I had joined the protests a few days earlier, down on Wall Street. The people I met were of every ethnicity, and a majority were employed and college educated, many with professional degrees or PhDs. Everyone was frustrated that 99 percent of Americans have scarcely shared in income gains over the last three decades. Only having been alive for two of those, I'm frustrated knowing that when I graduate from college in June I'll enter the worst job market since the end of World War II. And while things are bad for a lot of us, the richest are getting richer, vastly richer. The richest one percent of Americans own more than 38 percent of America's wealth.

The policemen who booked us into District 7, a jail in East Boston, certainly weren't seeing any of that money. At four in the morning they were trying to find scissors that could cut the zip-ties off one of my compatriot's blue-purple hands and in the meantime hacking towards his wrist with a pocket blade.

Finally, I was booked, and my fingerprints, mugshot, and belt were taken.  Soon I was in a disgusting cell reeking of urine and worse. The toilet was brimming, the metal bench narrow, and the plexiglass over the bars had etched graffiti going back to '93.  My cellmate and I talked about our lives and about the Occupy movement. He was a drummer who played for yoga studios and movie scores until work dried up with the recession. He had lived at the park until this night in jail. I study Russian literature. When the guard threw in two chicken sandwiches and two cartons of milk, we found we were both vegetarian. Plugging our noses, we drank our milk, ignored the new yellow stains on our socks-bottoms, and tried to sleep.

No messiahs. No high-paid lobbyists. No campaign employees. No megabucks donations from the Koch brothers. No sponsorship from FOX News. No messaging bulletins from the DNC.
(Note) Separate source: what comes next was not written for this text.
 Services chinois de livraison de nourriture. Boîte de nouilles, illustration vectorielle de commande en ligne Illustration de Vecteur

We're doing this ourselves, for ourselves, for each other. If we don't have all the answers yet, that's because the questions are enormous. We have been grappling with these questions for years: How can we create a society where we all have a fair shot at a good life? How is a million dollars a small sum for a few hundred thousand Americans but a staggering one for me?

The thrilling thing is that we're asking each other these questions right now, and we're listening to each other’s answers. At 6:30 a.m. the guards at District 7 cuffed us one to the next and loaded us back into the paddywagon to go to court. Delayed by a mix-up with our paperwork, one cop opened up the back and shot the breeze with us. He confessed himself an "asshole," but would let us speak for a minute before trying to shoot down our answers. Even if we couldn't convince him, we got to listen to each other. And at the end I asked the cop if he had any kids. He did, a 9-year-old girl. I asked him if she would be here with us if she was a little older. "I'm sure she would—the little rebel," he said before leading us into the small holding cell I would share with twenty-one other shackled prisoners for the next eight hours.
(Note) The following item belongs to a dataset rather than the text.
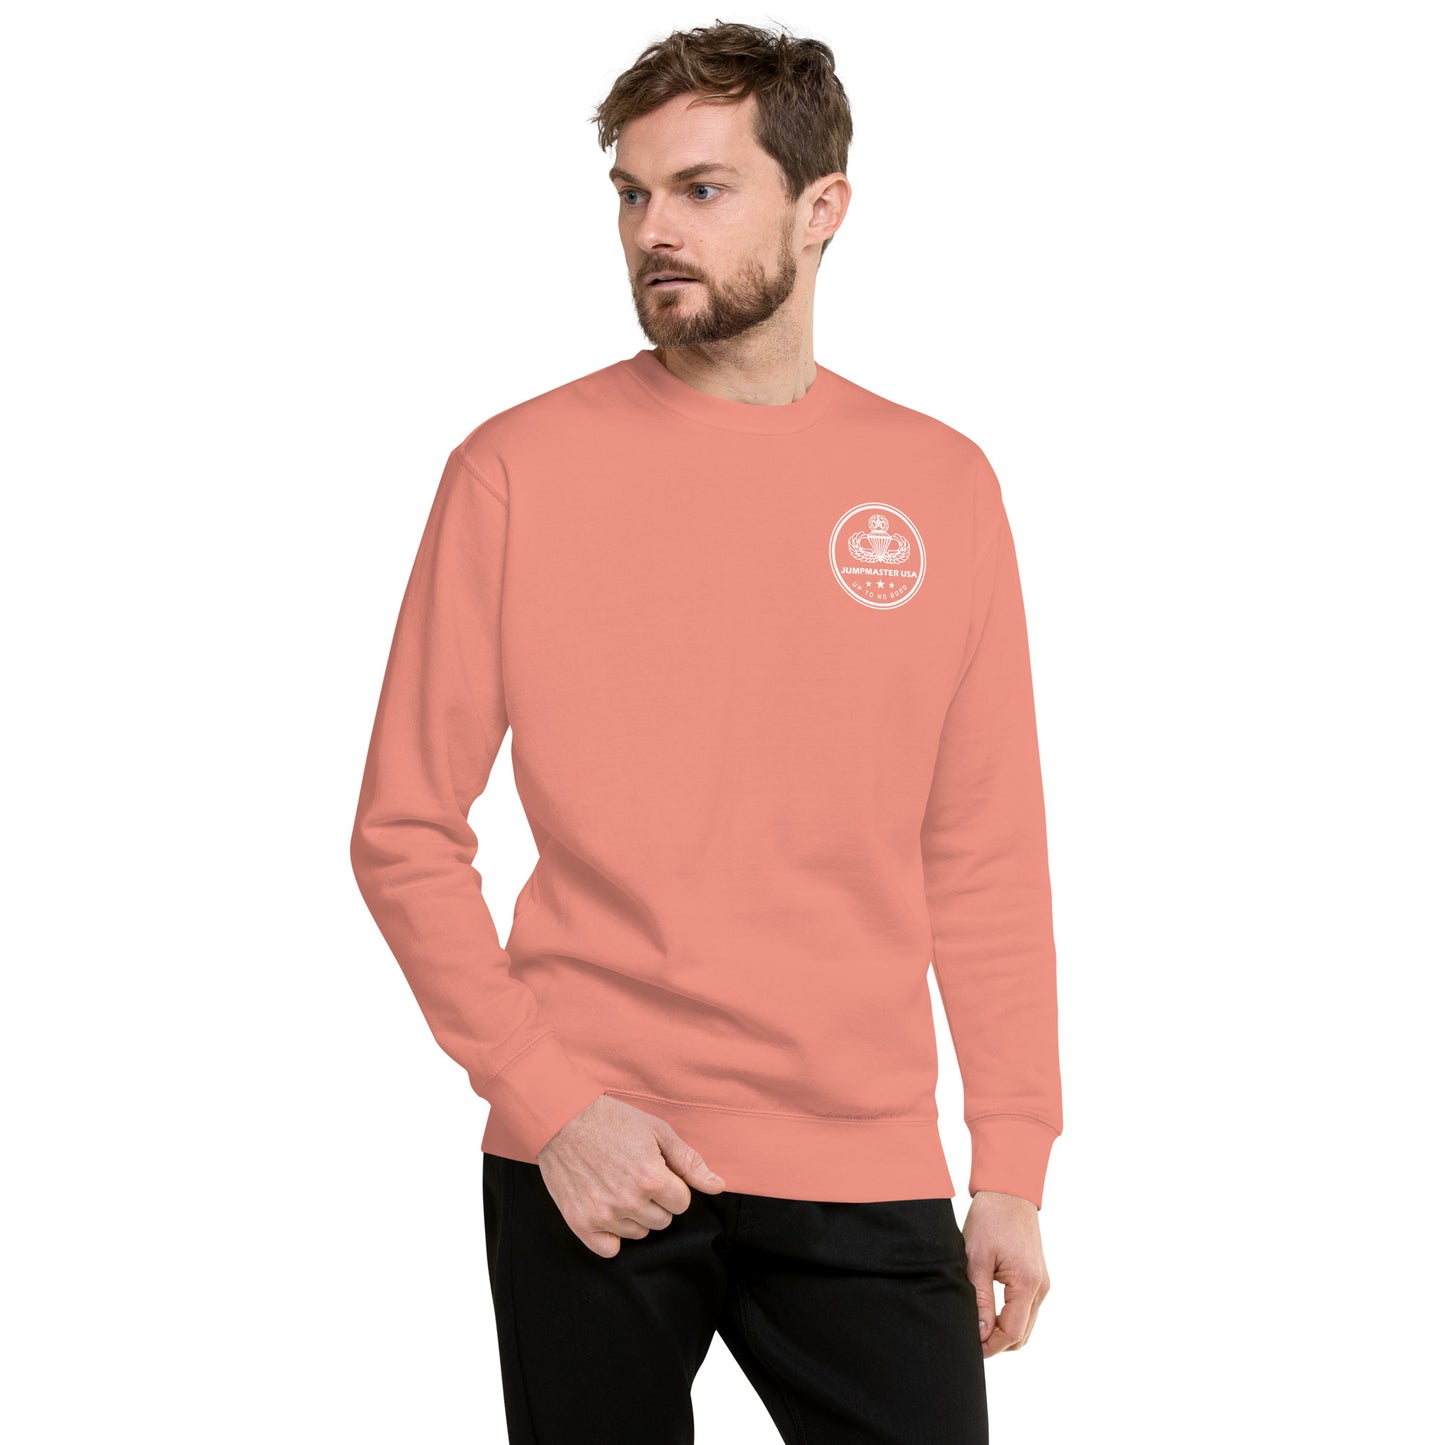 Market Garden Sweater

The cop's daughter isn't out holding signs and being arrested with us, but we're fighting for her future just as much as we're fighting for mine and, yes, yours. If we don't hang together we will surely be hanged separately, not by the hangman’s noose but by hunger on America's streets or Africa's, by war in a foreign land or your doorstep, by another killer hurricane or new-born desert or infernal wildfire. We've got a start, but this movement needs to keep building. We are the 99 percent. This is our country, our planet, our future.

When I was released around four o'clock, not having eaten or seen the sun in twenty hours, having grown accustomed to the hobbling gait of the shackled, having accepted a plea-bargain that lessened my charges to a civil one, assembly without a permit, and a $50 fine, a small group of Occupiers let up a cheer and handed me water and a banana.

We're listening to each other, talking to each other, finding common ground and new friends, standing together and demanding the fair shot at life that our elected officials have promised us but our votes haven’t gotten us. We won't go away, even if mayors who cannot tolerate civil disobedience send their sworn officers against us. I hope you'll join us.

Jasper N. Henderson ’12 is a Slavic languages and literatures concentrator in Dudley House.